● **Task goal**:
Reproduce the full listing below unchanged, apart from the pictures.

● **Dataset extract**:
::::::

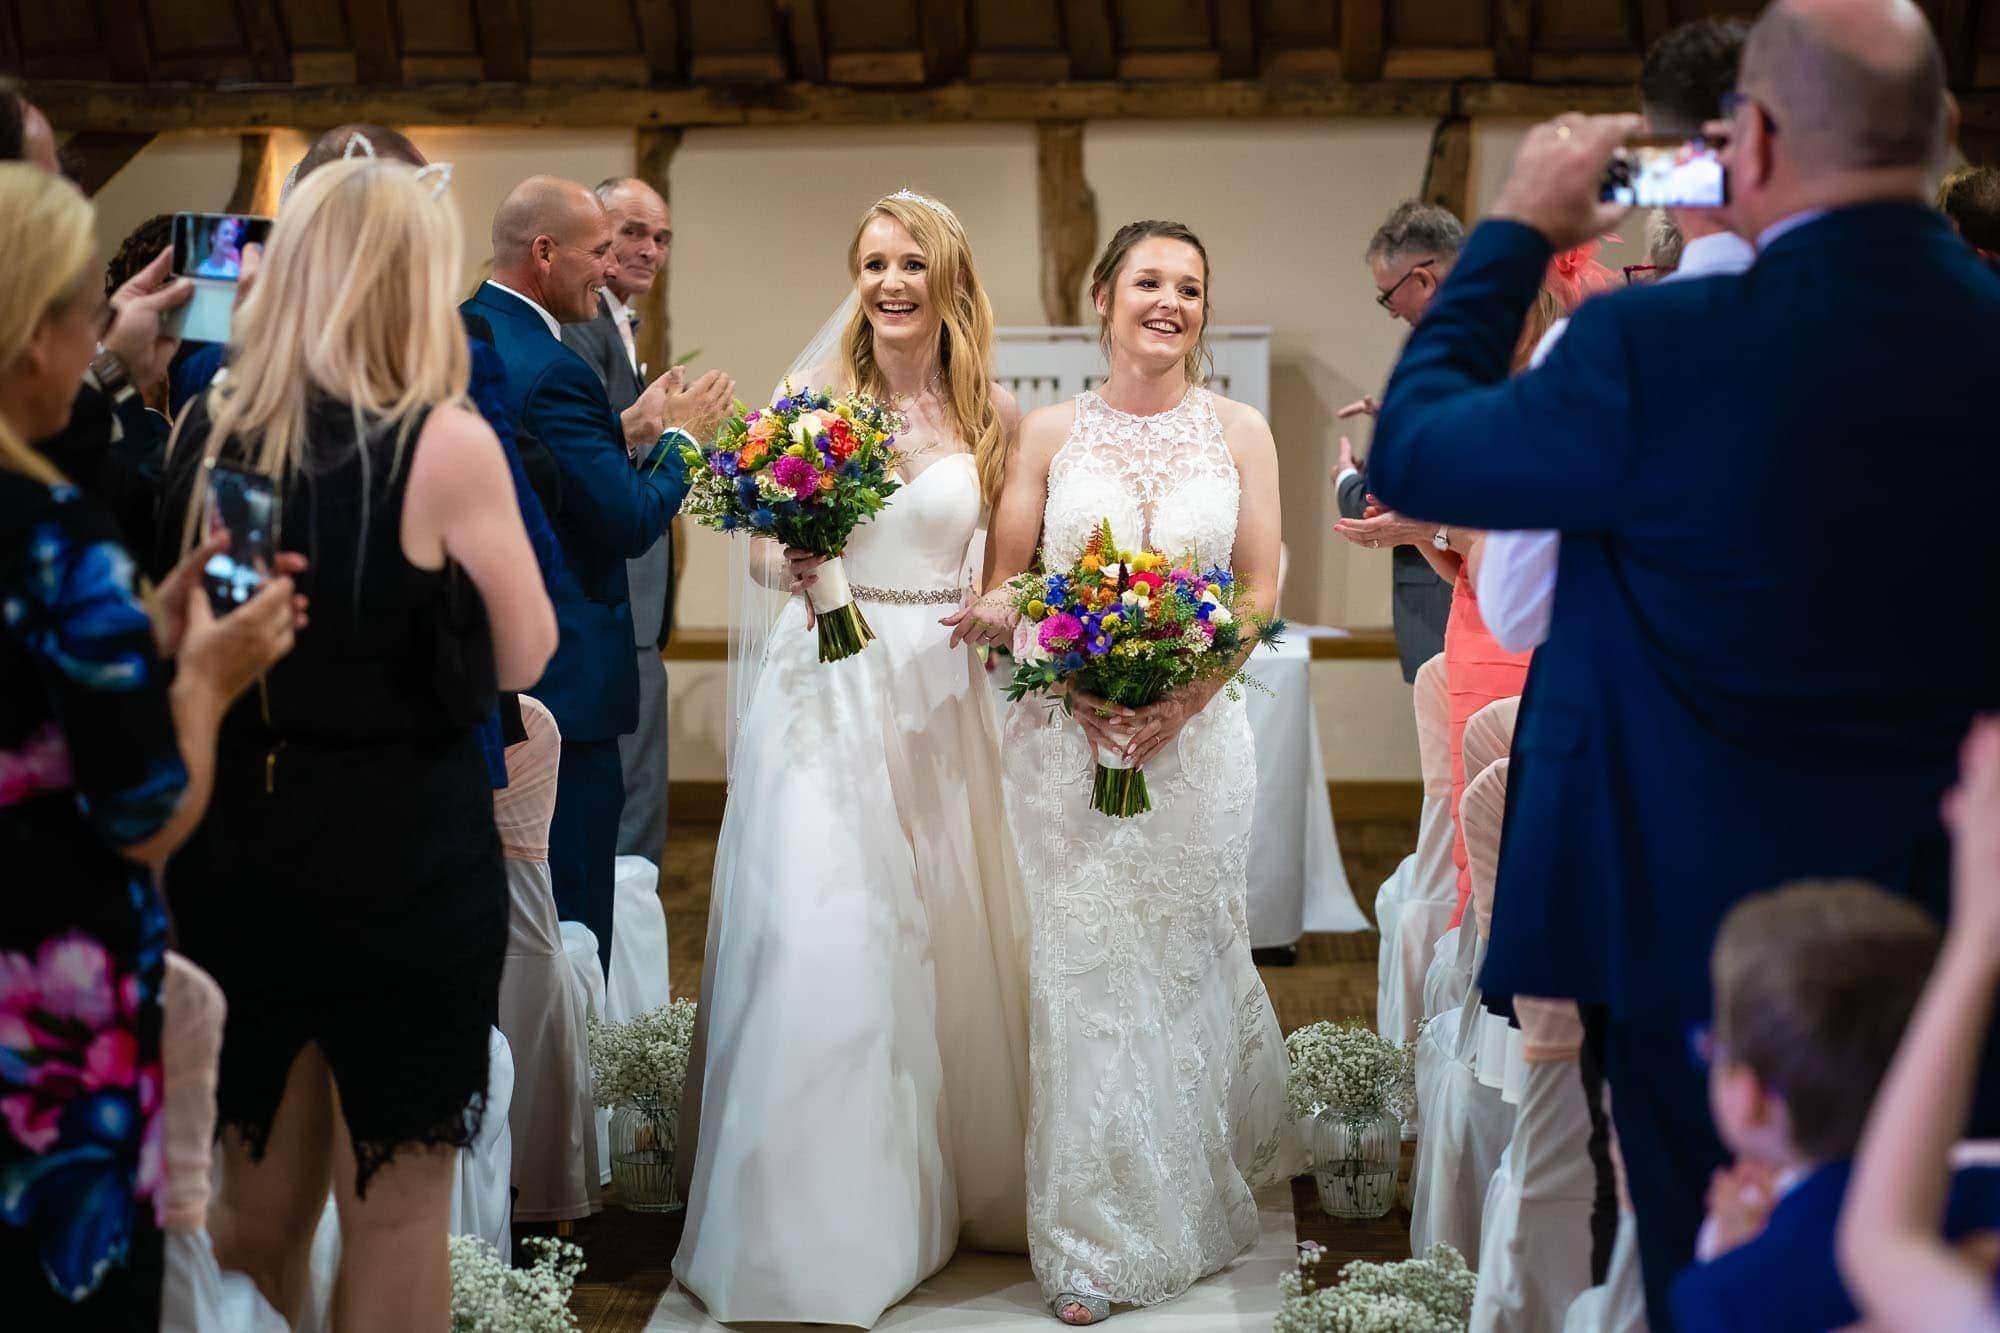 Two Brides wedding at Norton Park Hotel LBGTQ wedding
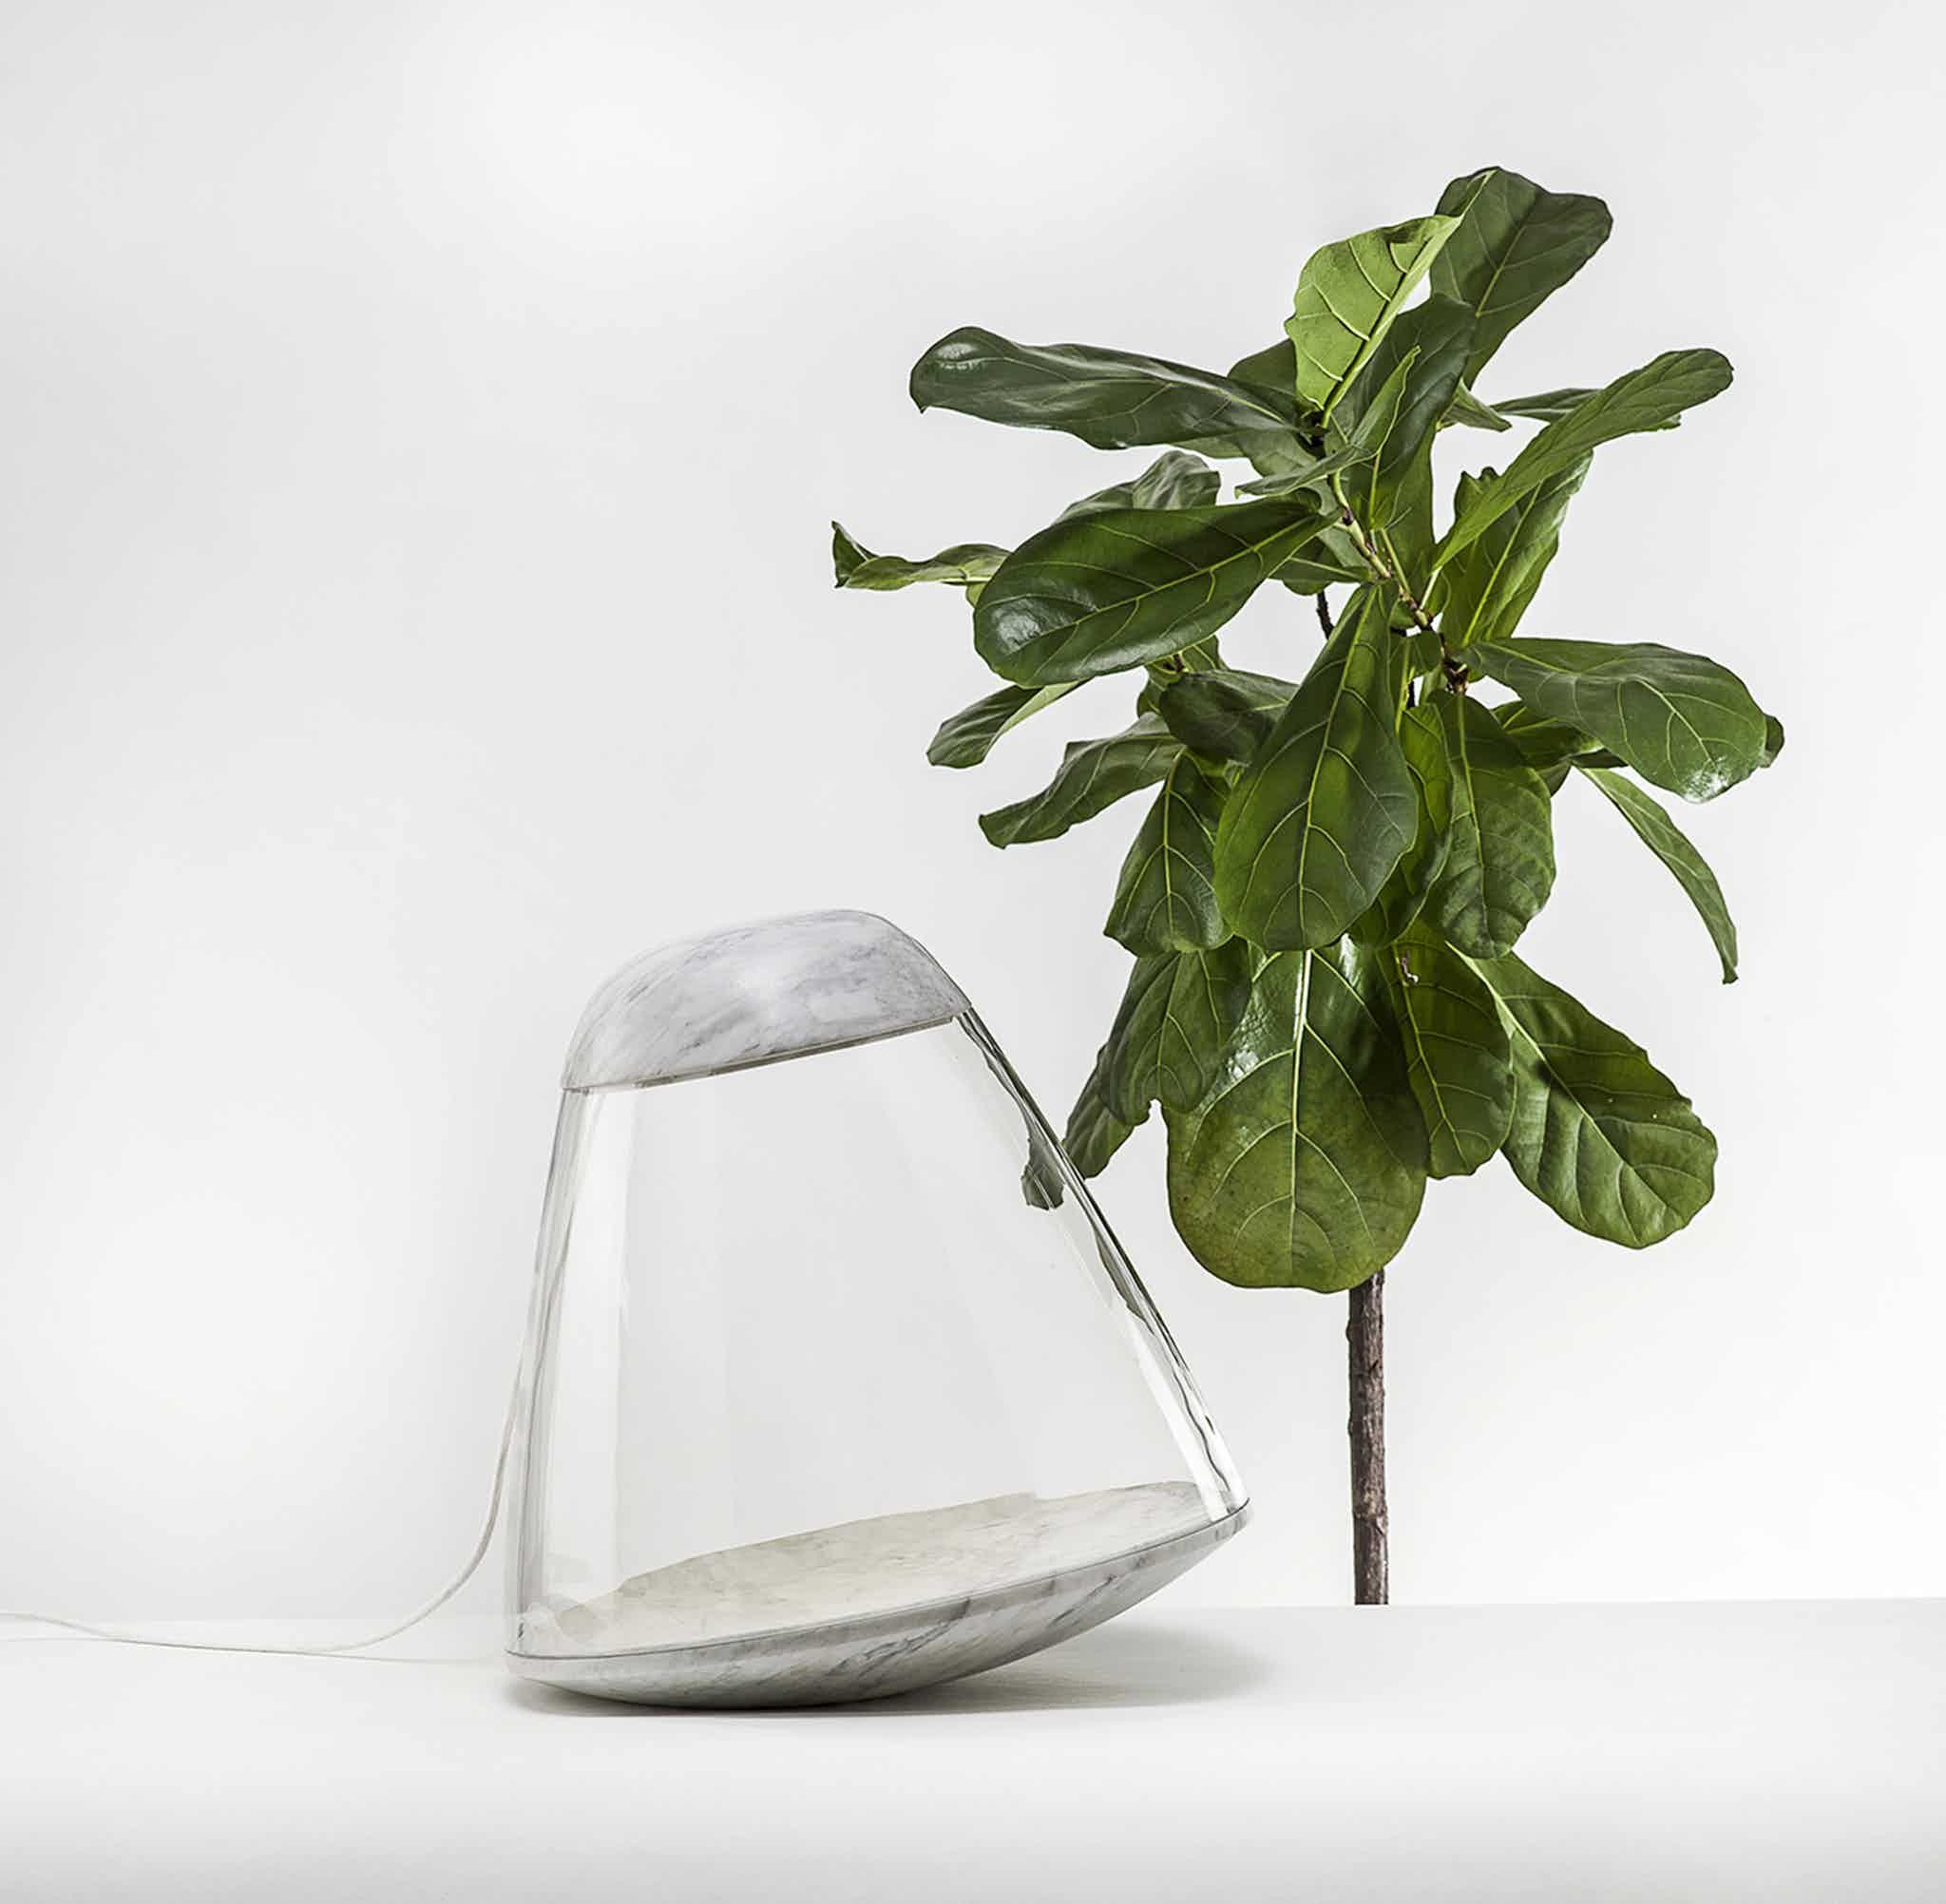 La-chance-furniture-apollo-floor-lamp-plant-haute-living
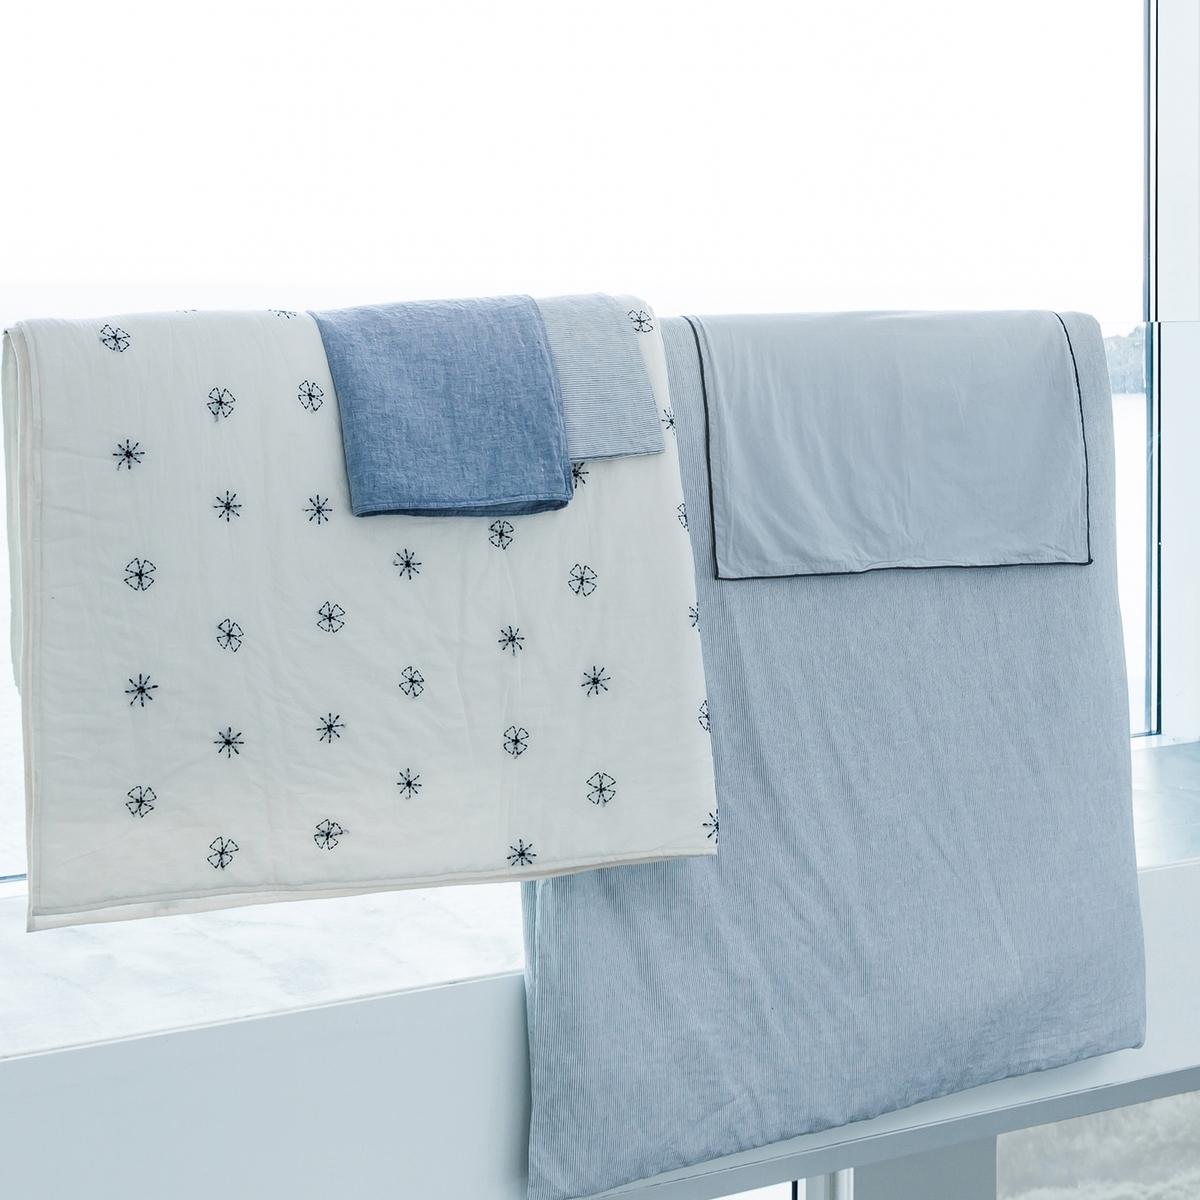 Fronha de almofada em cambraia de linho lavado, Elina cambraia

::::::

● **Reply to the task**:
 Two Brides wedding at Norton Park Hotel LBGTQ wedding
 La-chance-furniture-apollo-floor-lamp-plant-haute-living
 Fronha de almofada em cambraia de linho lavado, Elina cambraia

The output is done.